In order to build this ship deck, I cut up an old pallet and rebuilt it so the planks were seated flush with each other. Then, I aged the pallet by staining it with Minwax wood stain. I used Weathered Gray stain in conjunction with both Oak and Espresso stain to give the pallet an aged and salt-stained look.
This pallet also served as the base of the entire scene where the Helmsman figure was mounted, the steering column was connected, and all necessary cables were routed.

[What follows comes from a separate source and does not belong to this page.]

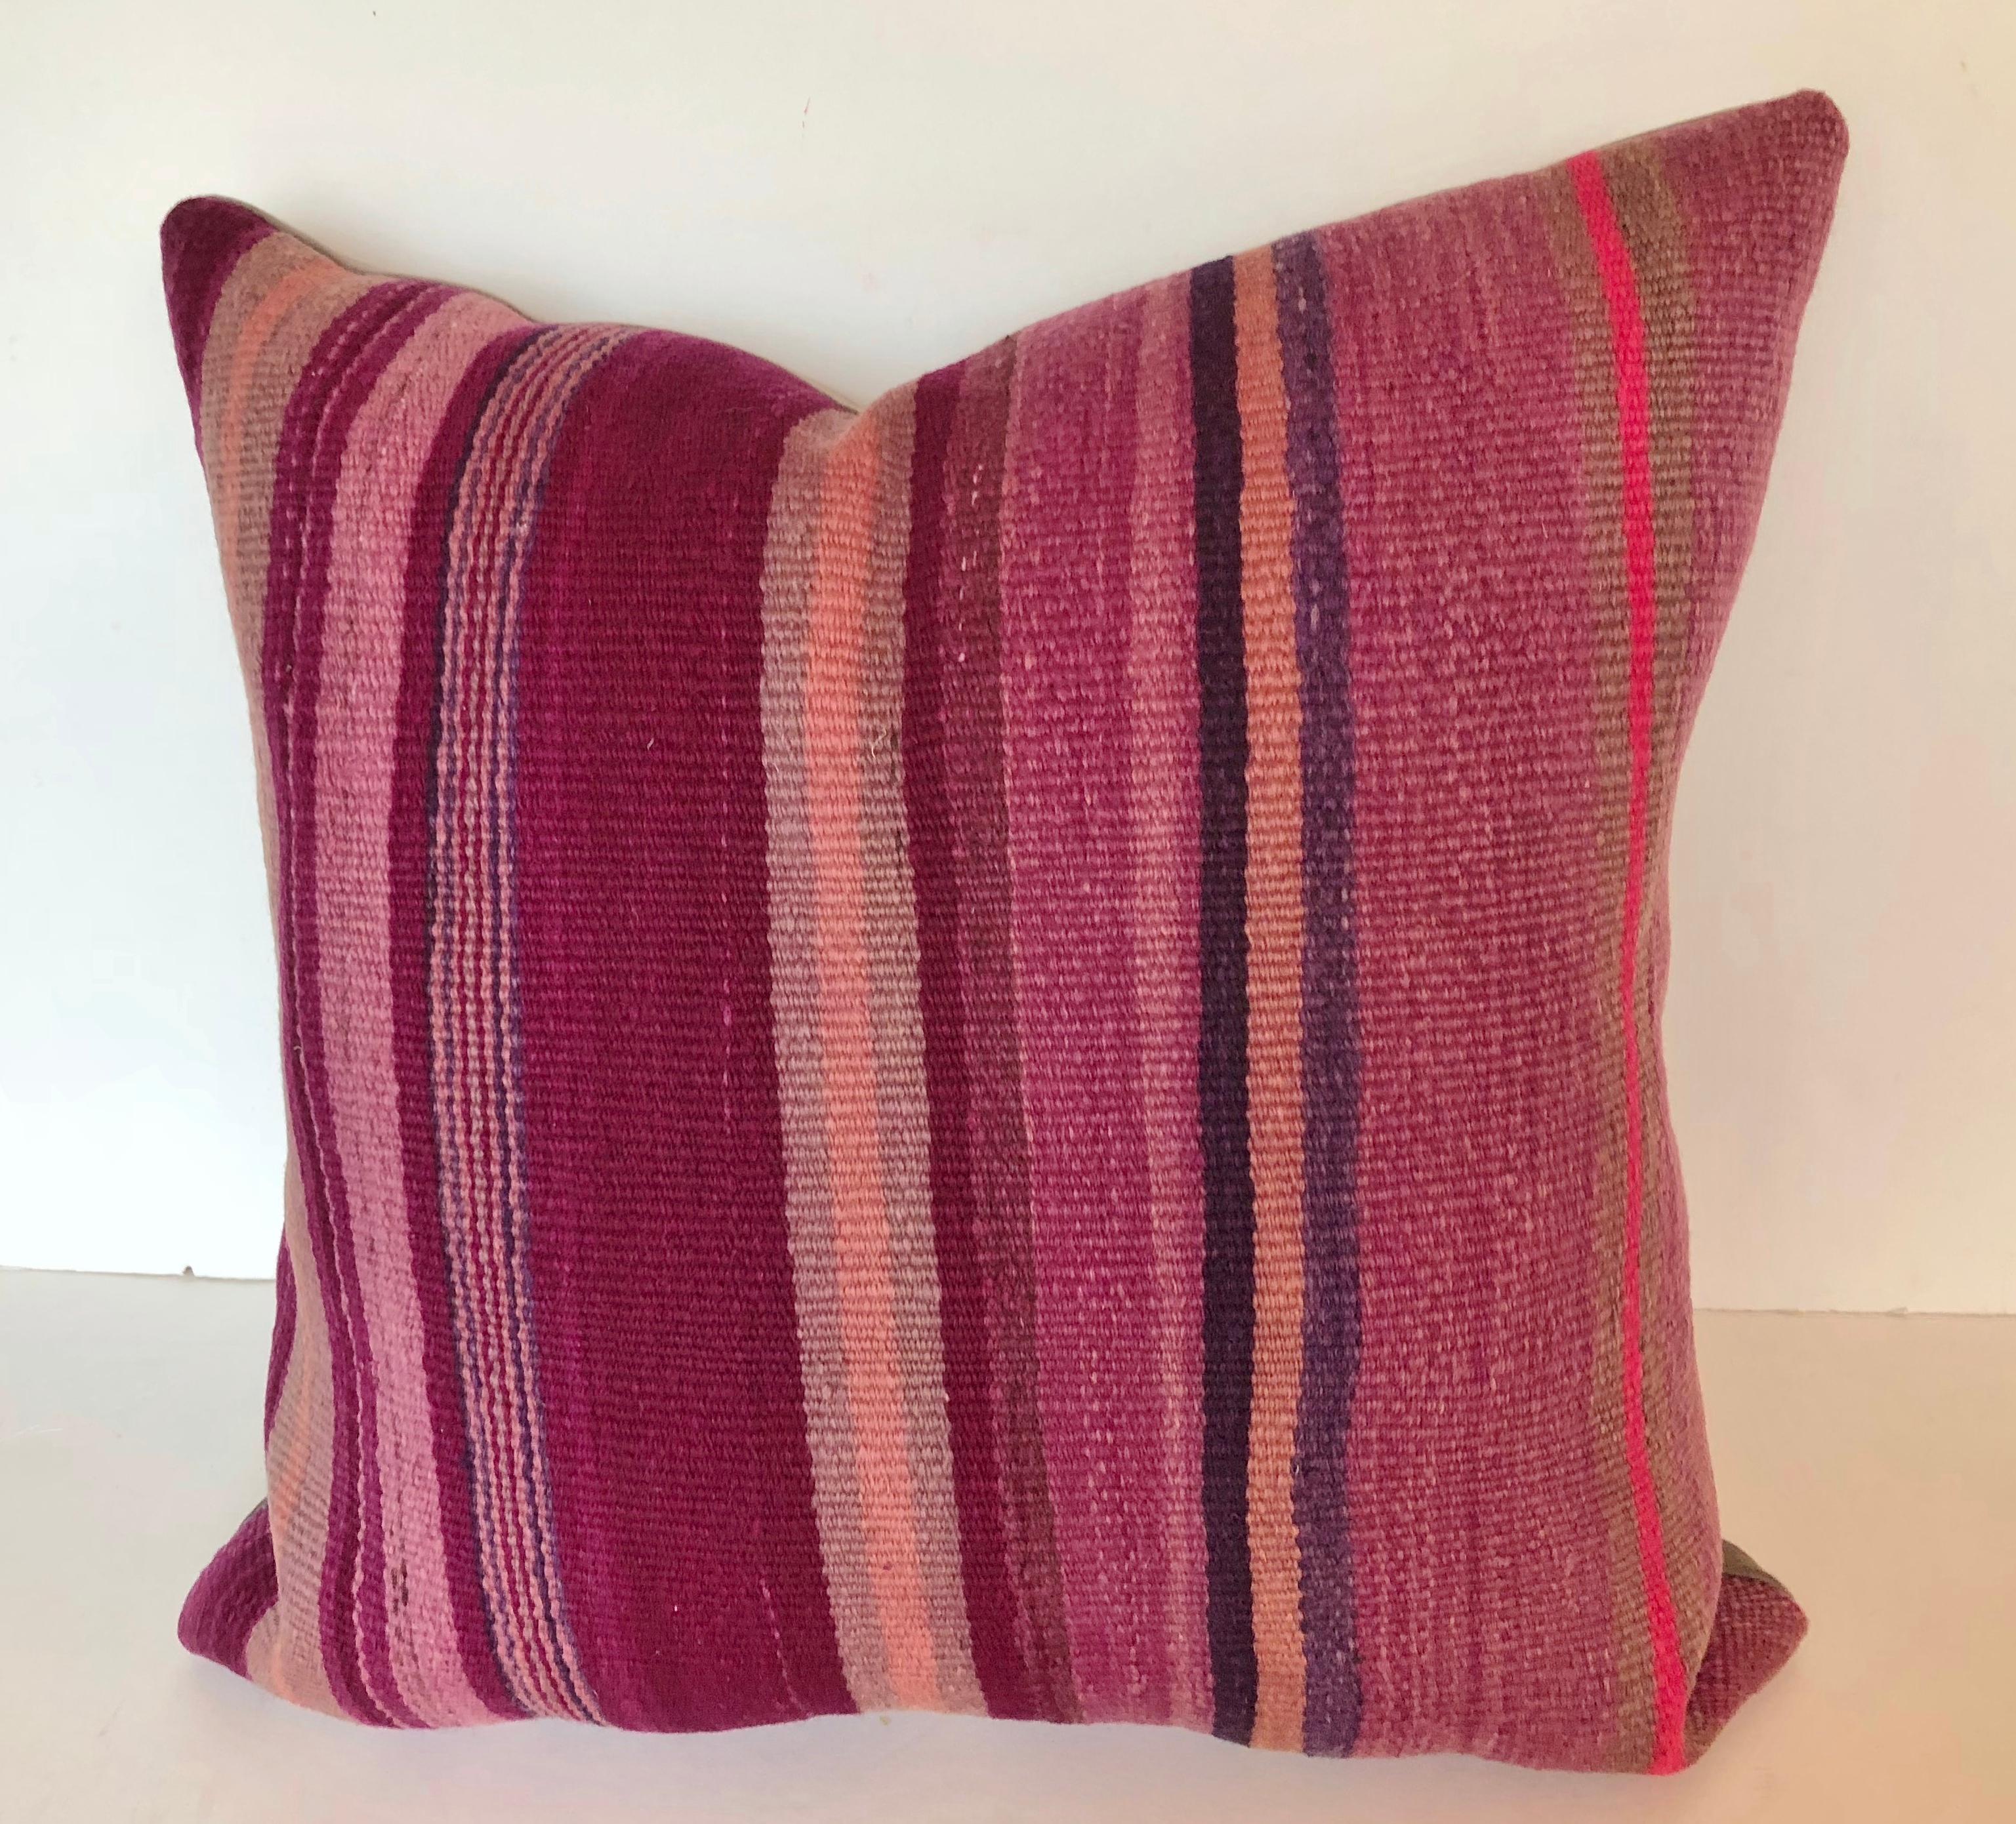 Custom pillow cut from a vintage Moroccan hand loomed wool Berber rug from the Atlas Mountains. Wool is soft and lustrous with vivid stripes in shades of purple. Pillow is filled with an insert of 50/50 down and feathers, backed in a wool blend and
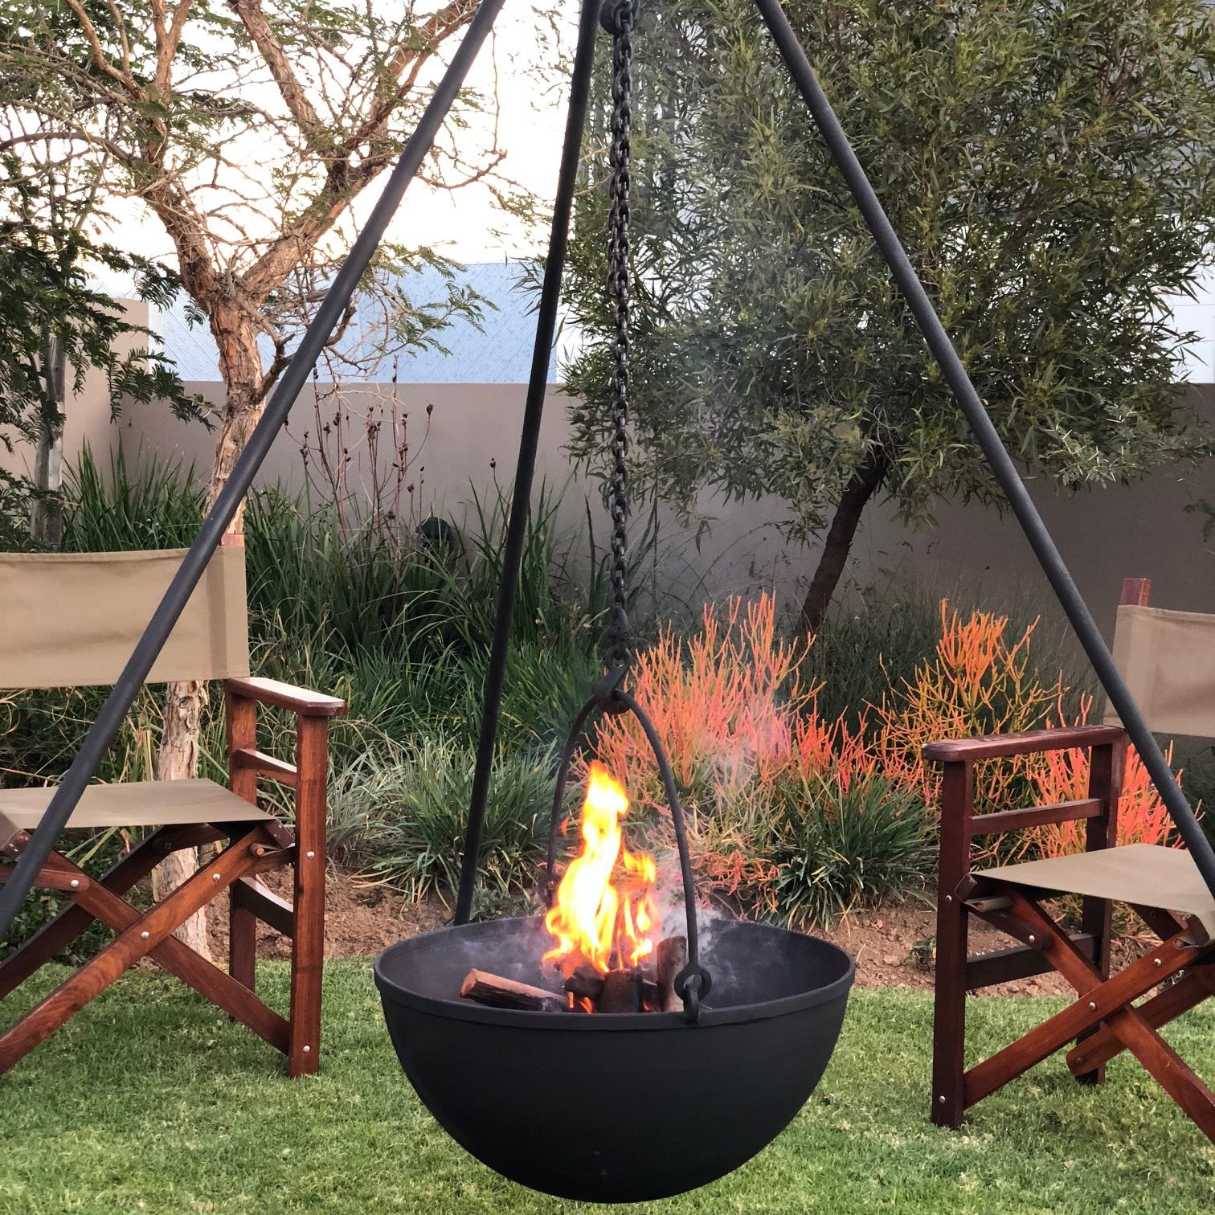 How To Make A Tripod For A Fire Pit

The ship deck can be seen here stained and aged to help give it the salt-stained appearance

Rebuilt pallet/ship deck (unstained)

A piece of the last plank was intentionally left out to indicate the age of The Helmsman's ship
Ship Wheel & Steering Column
I originally planned on constructing my own ship wheel using some wood and/or styrofoam. There are many online tutorials for "how to build a ship wheel" that explain each step in detail. Simply put, it can be done by routing out a piece of wood to act as the hub for the wheel spokes to house into. Then, the outside frame can be constructed and attached to the spokes with dovetail joints. The final step would be to fit some handles onto each spoke.
I ended up calculating the cost to build this ship wheel to be higher than the cost of buying a replica ship wheel. The issue for me was not having many of the power tools necessary to construct this ship wheel on my own.
In the future I would love to revisit this prop and learn more woodworking skills. My first purchase would be a router in order to route out a wooden hub for the ship wheel.
I was able to build the steering column on my own with some wood and a few off-the-shelf components. On two heftier sized boards, I traced a simple arc whose diameter was the width of the board. I used a jig saw to cut the rounded top onto each column of the steering column assembly.
Then, I used a short length of pipe to connect the two columns together. This short length of pipe also acted as the shaft for the ship wheel to rotate about. I used some rubber gaskets to slide onto the pipe to keep the ship wheel in place throughout its many rotating cycles.
If I were to have used a rubber mounted motor to direct drive the ship wheel, then the steering column would have a true shaft with bearings press fitted into each column. The ship wheel would ride on this shaft and rotate via the attached motor.
This solution was my crude work-around. The final step was to stain the steering column in the same manner as the ship deck.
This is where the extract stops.